Berlin Wall Memorial with death strip separating East and West Berlin
Crossing was only allowed at a few locations (including the now-famous Checkpoint Charlie) and mostly for westerners: it was nearly impossible for East Germans to cross. Nonetheless, they still tried, and the barrier was continually upgraded until it was finalized in its 1980 form. In that form, there was an initial wall on the East German side, followed by an electric signal fence, trenches, barbed wire, watchtowers, large open gravel spaces, spotlights, and an additional final fence. This nearly impassable area was known as the "death strip", and 136 people died in and around the area of the Berlin Wall during its existence.
Art commemorating deaths at the Berlin Wall, on the Berlin Wall East Gallery
Portions of the wall still exist in a few areas of the city.
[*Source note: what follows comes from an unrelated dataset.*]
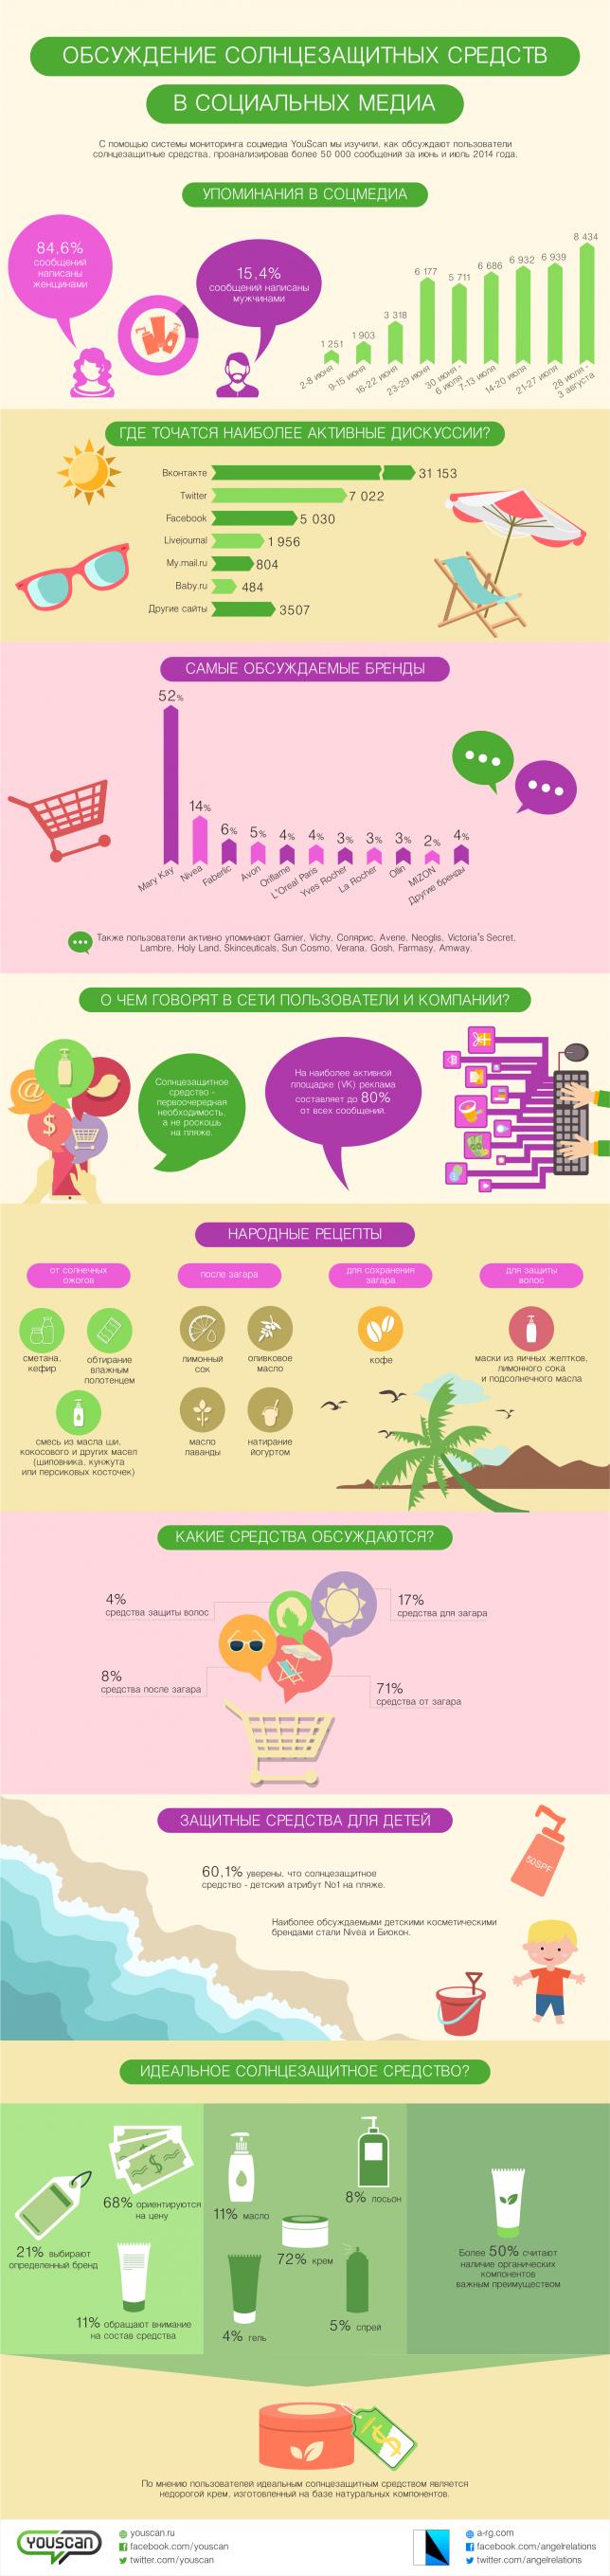 Солнцезащитные средства в соцмедиа: инфографика

There's a Berlin Wall Memorial which preserves a portion of the death strip. Stupidly, you can't actually see the preserved portion. It has two walls the were meant to be impassable, and, instead of leaving the cross-section open to view, it's blocked by even taller memorial walls in that stark, totalitarian style of German memorial architecture I mentioned earlier. There's a viewing platform across the way that lets you see into the preserved portion, but it's a poor substitute for seeing it at ground level.
(Unrelated side note: Often while walking around Berlin, I'd hear Ronald Reagan's famous "Mr. Gorbachev, tear down this wall!" line echoing in my head.)
World clock in Alexanderplatz
Not all of the Soviet-era remnants are doom-and-gloom, however. There's a fascinating hands-on museum on life in the DDR (as East Germany was officially known), featuring artifacts from behind the Iron Curtain. The museum was far too small for the number of people interested in it, but one of the best I visited in Berlin. Did you know that nude beaches were popular in East German as a way to rebuke the authorities? And there are lots of Soviet-era architecture and designs throughout the city, including this world clock (at left) in Alexanderplatz, a plaza near where I was staying.
4) Unified Germany: Berlin has lots of fascinating modern architecture. One of the highlights is the glass dome of the German federal parliament building, the Reichstag. The new German republic was declared here in 1990, and restoration began shortly thereafter so it could hold the parliament in the new German capital. The restoration included a glass dome in place of a copper dome, and it's apparently the most popular attraction in Berlin. So popular you need a ticket weeks in advance which I, alas, did not have. But it still looks pretty from the outside.
Germany since 1990 has also invested heavily in public transportation, and I must comment on how incredible the train system is. Many of the stations are fantastically brand new, trains run frequently and regularly, and the high speed trains are comfortable and smooth. If only Canada and the United States had the political will to make such an investment.